Additional Insured On A Chinese Product Liability Insurance Policy? – Whoop Tee Doo!

If you are an importer of Chinese products and have been told by the Chinese manufacturer or distributor that you are covered by their product liability insurance policy, I recommend you read Linda Stamato’s article below.  After reading this article, you will have a better understanding of why your U.S. insurance carrier does not provide discounted rates on your U.S. product liability policy when you can provide proof you are Additional Insured on the Chinese manufactures or distributitors insurance policy.  Simply put, nobody with any experience in the product liability field has any confidence that any type of restitution be found in the Chinese courts, even if the case is an obvious slam dunk of manufacturing defect or design defect.

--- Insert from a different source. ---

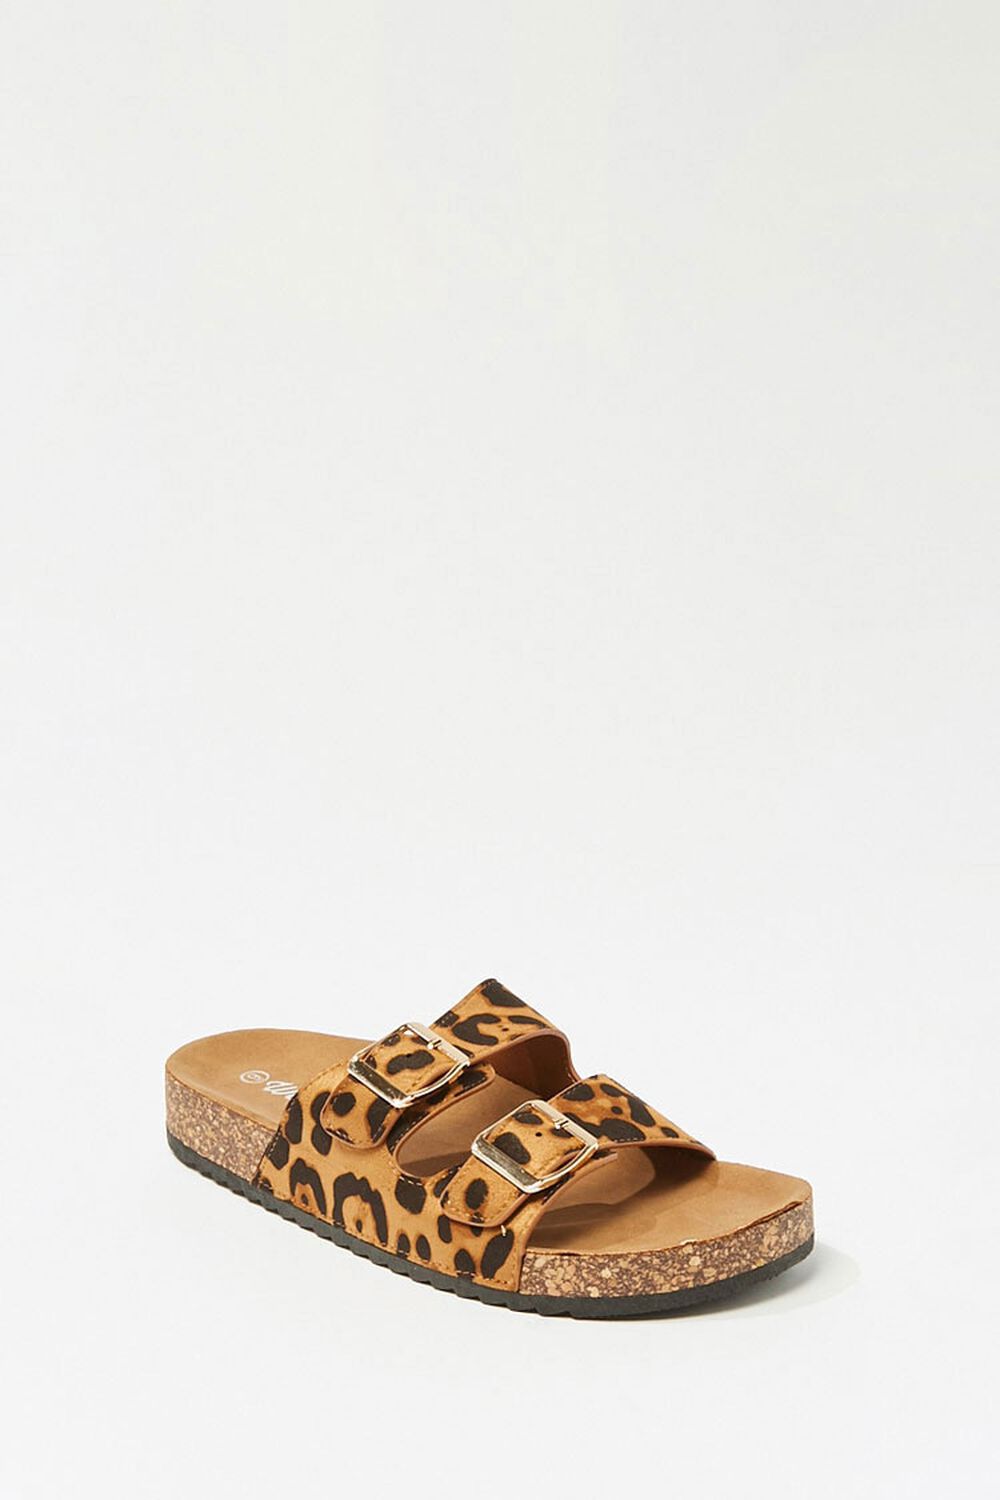 Leopard Print Slide Sandals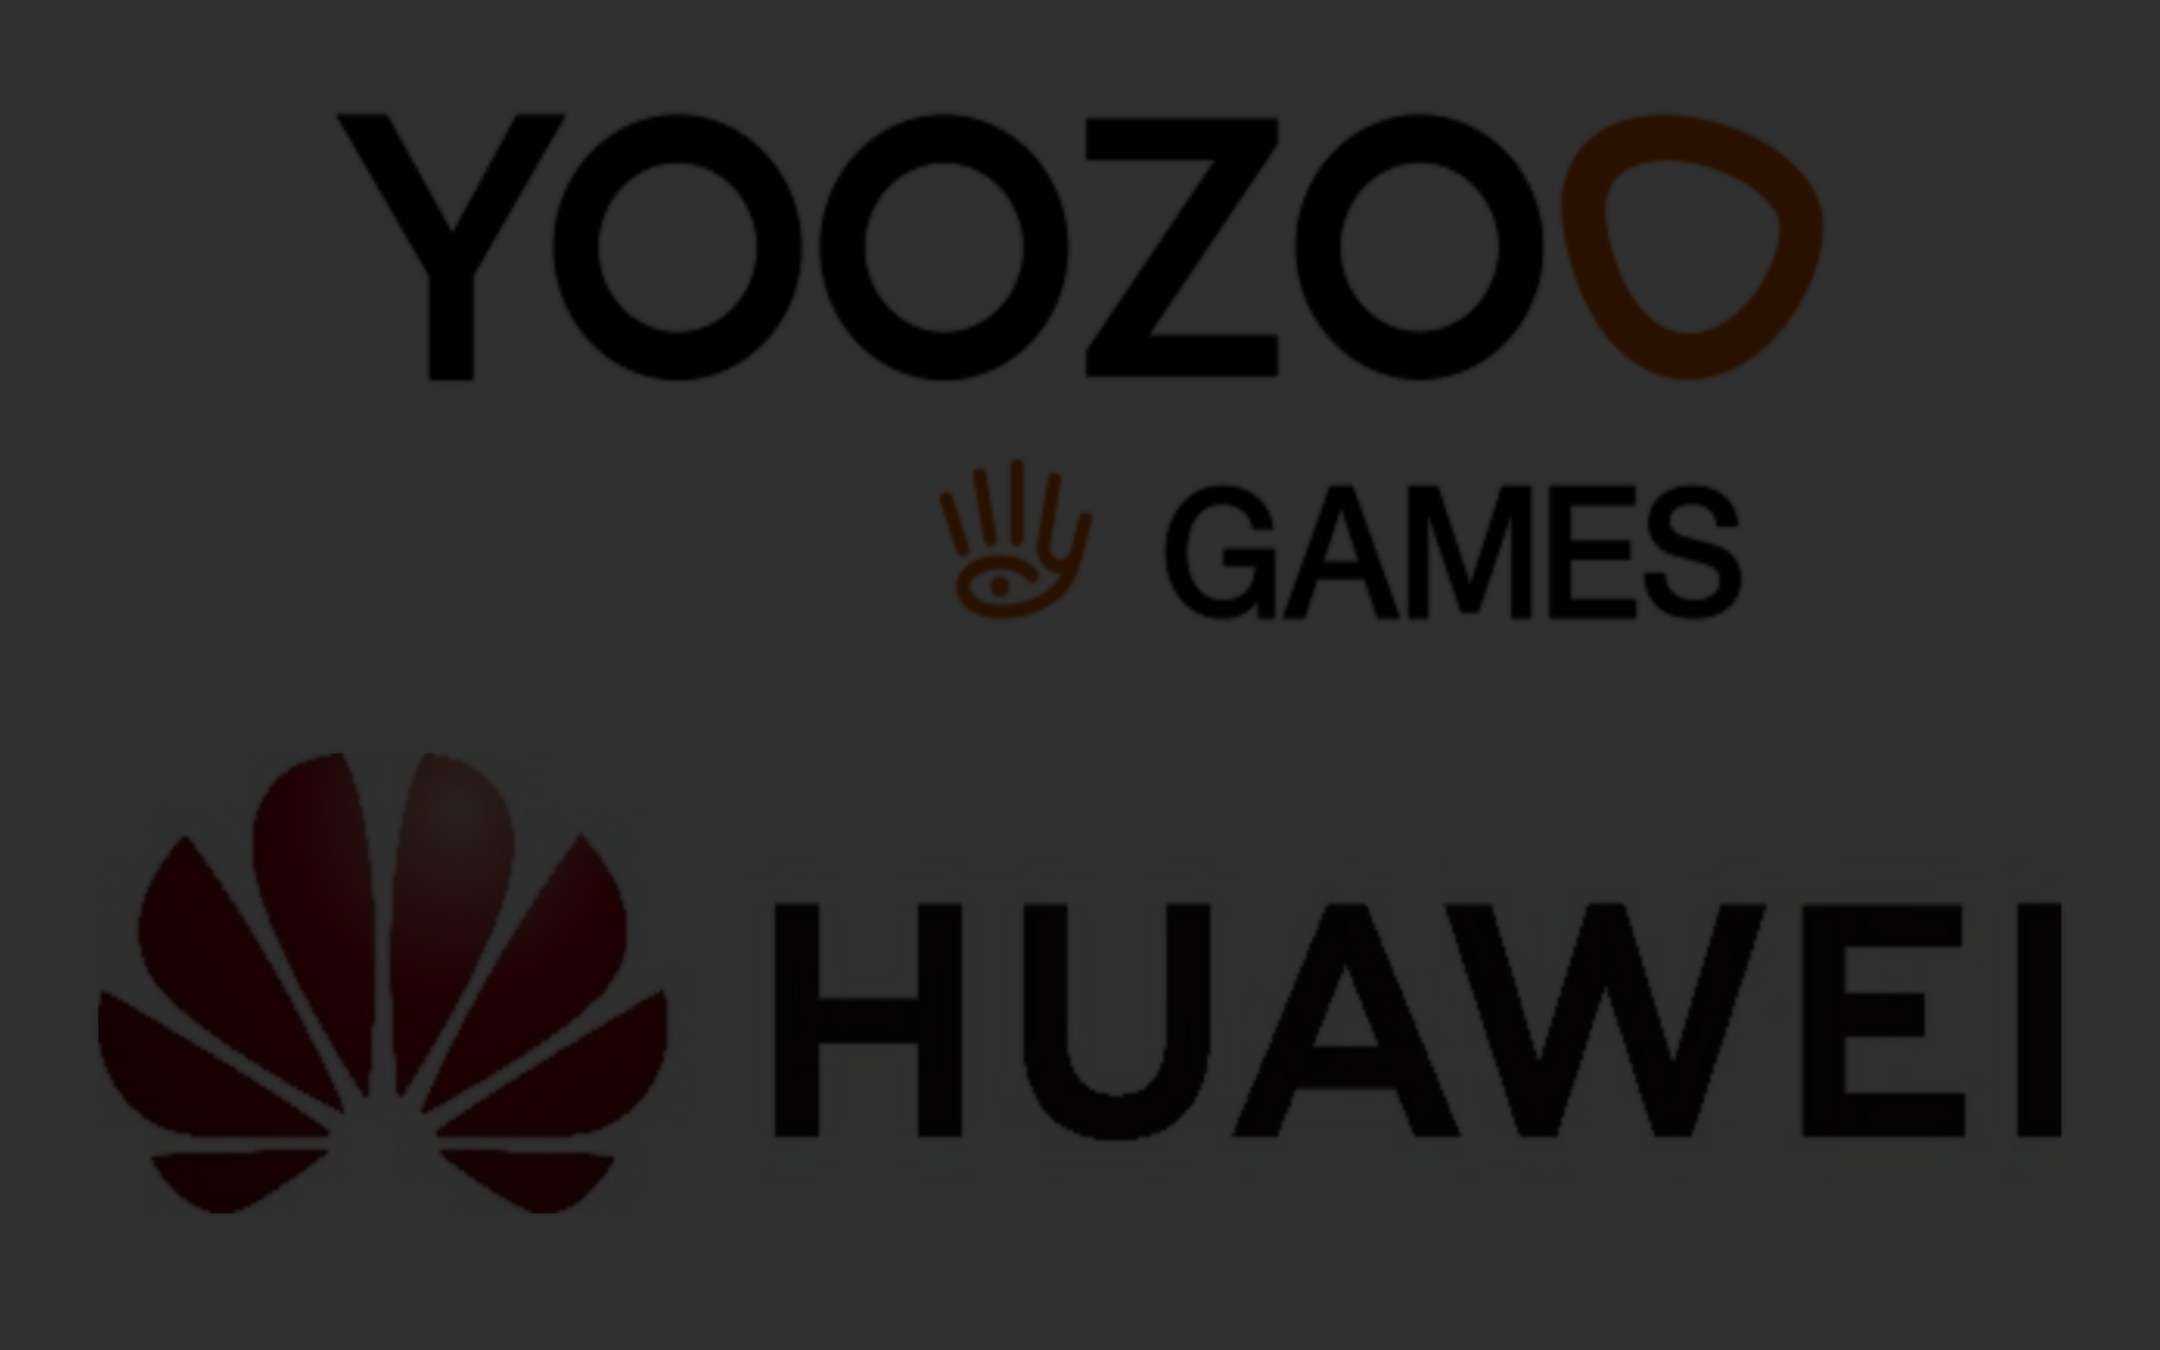 Huawei e Yoozoo Games: la notizia che aspettavamo

As reported by Linda Stamato of NJ.com: In the United States, we have no end of attacks on product liability litigation, consumer protection laws and class action lawsuits. (A visit to Americans for Tort Reform provides information and perspective on these efforts.) As this group and others question the “excesses” of lawsuits in compensating the injured and doubt their efficacy in bolstering product quality, consider what is taking place in China……  Read the Full Story on Toxic milk and poisoned babies: Product liability limits in China

Confidence in Chinese products is so low that I predict that more retailers and U.S manufactures that use Chinese parts in their finished products are going to start requiring the U.S. Importers and Distributors of these products to start carrying Product Recall Insurance with a third party endorsement that will cover the expenses of any third party (retailer) for the recall of any product that incorporates your product including the cost to repair or replace such product.